Single Most Likely Diagnosis

• Diabetic Neuropathy: This is a common cause of sensory axonal polyneuropathy, especially given the presence of chronic neurogenic changes on EMG. Diabetes can cause a length-dependent neuropathy that spares the compound muscle action potential (CMAP) initially, affecting sensory nerves more prominently.

Other Likely Diagnoses

• Alcohol-Related Neuropathy: Chronic alcohol abuse can lead to a sensory-predominant axonal polyneuropathy. The extensive denervation and chronic neurogenic changes on EMG are consistent with long-standing alcohol use.
• Vitamin Deficiency (B12, B6): Deficiencies in these vitamins can cause neuropathies that are predominantly sensory. B12 deficiency, in particular, can lead to extensive neurological damage if not treated promptly.
• Idiopathic Axonal Neuropathy: Some cases of axonal neuropathy remain idiopathic after thorough investigation.

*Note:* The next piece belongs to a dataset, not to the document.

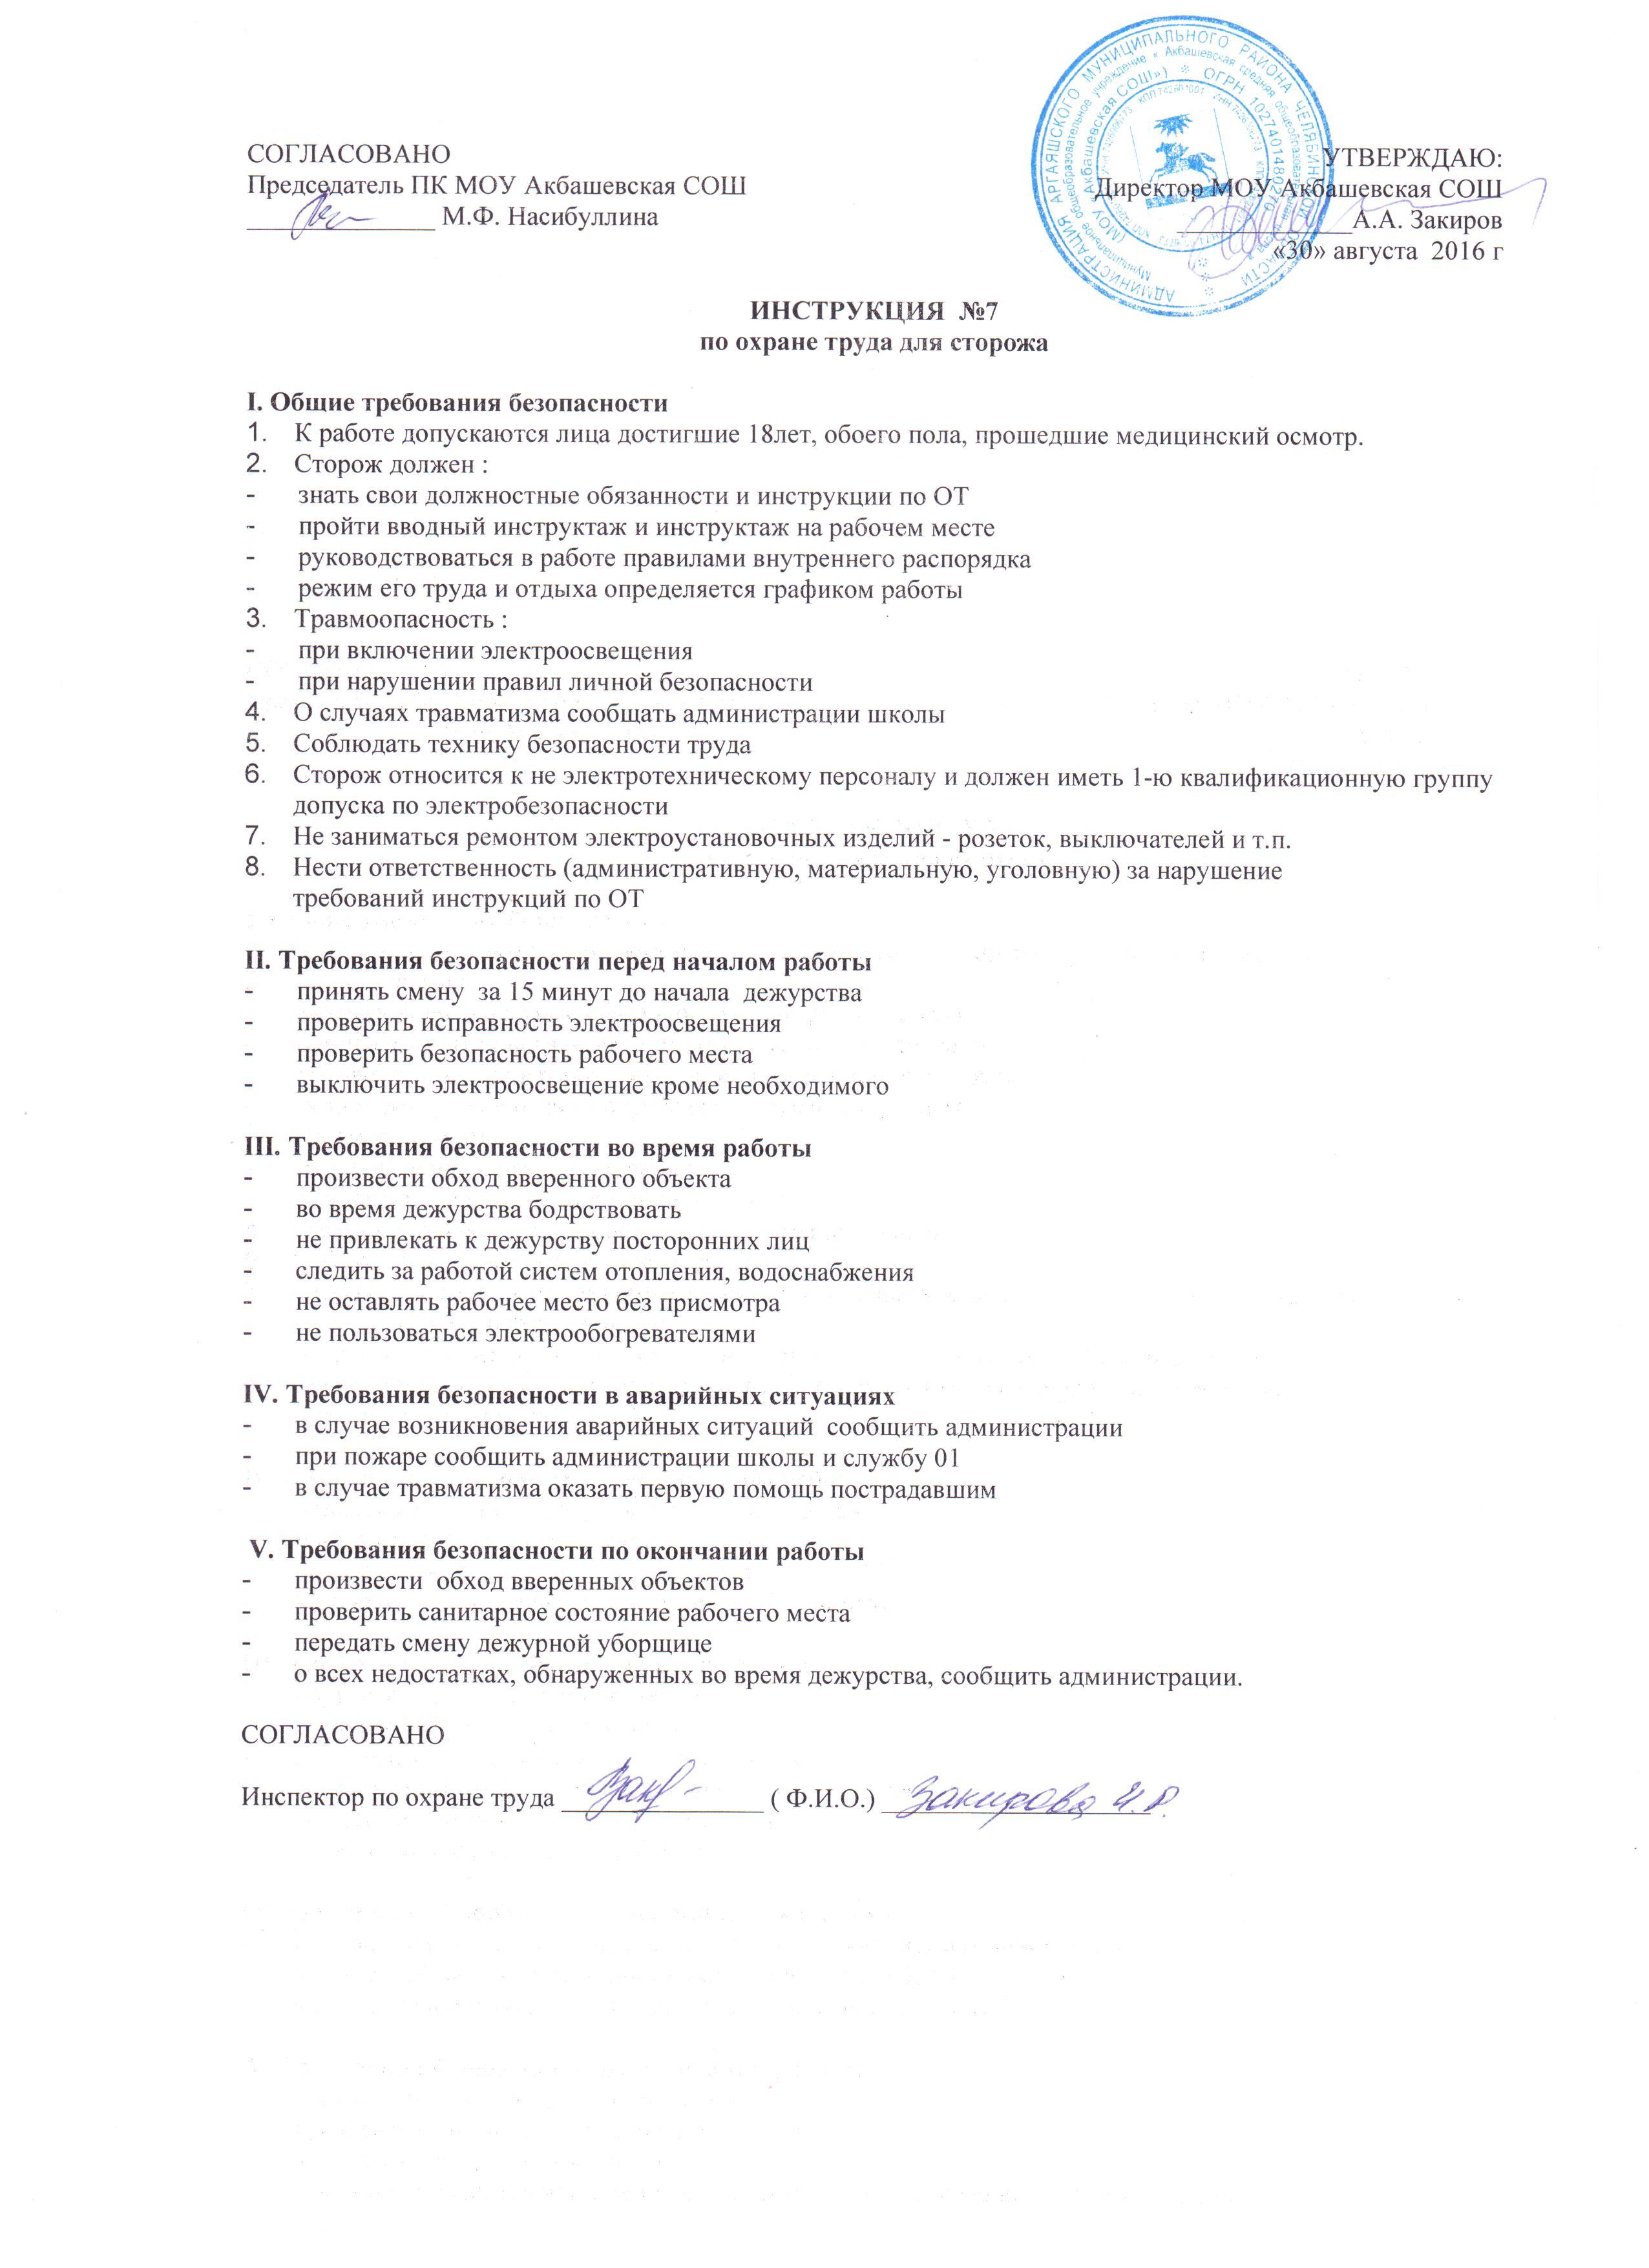 инструкции с охраны труда

These cases can present with sensory predominant symptoms and extensive denervation on EMG.

Do Not Miss Diagnoses

• Amyloidosis: Although rare, amyloidosis can cause a sensory-predominant neuropathy and is crucial to diagnose due to its potential for systemic involvement and the availability of specific treatments. Missing this diagnosis could have significant implications for patient management and prognosis.
• Paraproteinemia (e.g., MGUS): Conditions like monoclonal gammopathy of undetermined significance (MGUS) can lead to neuropathy. Identifying these conditions is critical because they may progress to more serious diseases like multiple myeloma or amyloidosis.
• Toxic Neuropathy: Exposure to certain toxins (e.g., heavy metals like arsenic, lead, or mercury) can cause neuropathies. Identifying and removing the toxin is essential for preventing further damage.

Rare Diagnoses

• Sjögren's Syndrome: This autoimmune disorder can cause a sensory neuropathy. While less common, it's an important consideration due to its association with other systemic symptoms and the potential for specific treatments.
• Mitochondrial Disorders: Certain mitochondrial disorders can present with neuropathy, among other systemic symptoms. These are rare but important to consider, especially in younger patients or those with a family history of similar conditions.
• Inherited Neuropathies (e.g., Hereditary Sensory and Autonomic Neuropathy, HSAN): These are rare genetic disorders that can cause significant neuropathic symptoms. They are usually identified in childhood but can sometimes present later in life.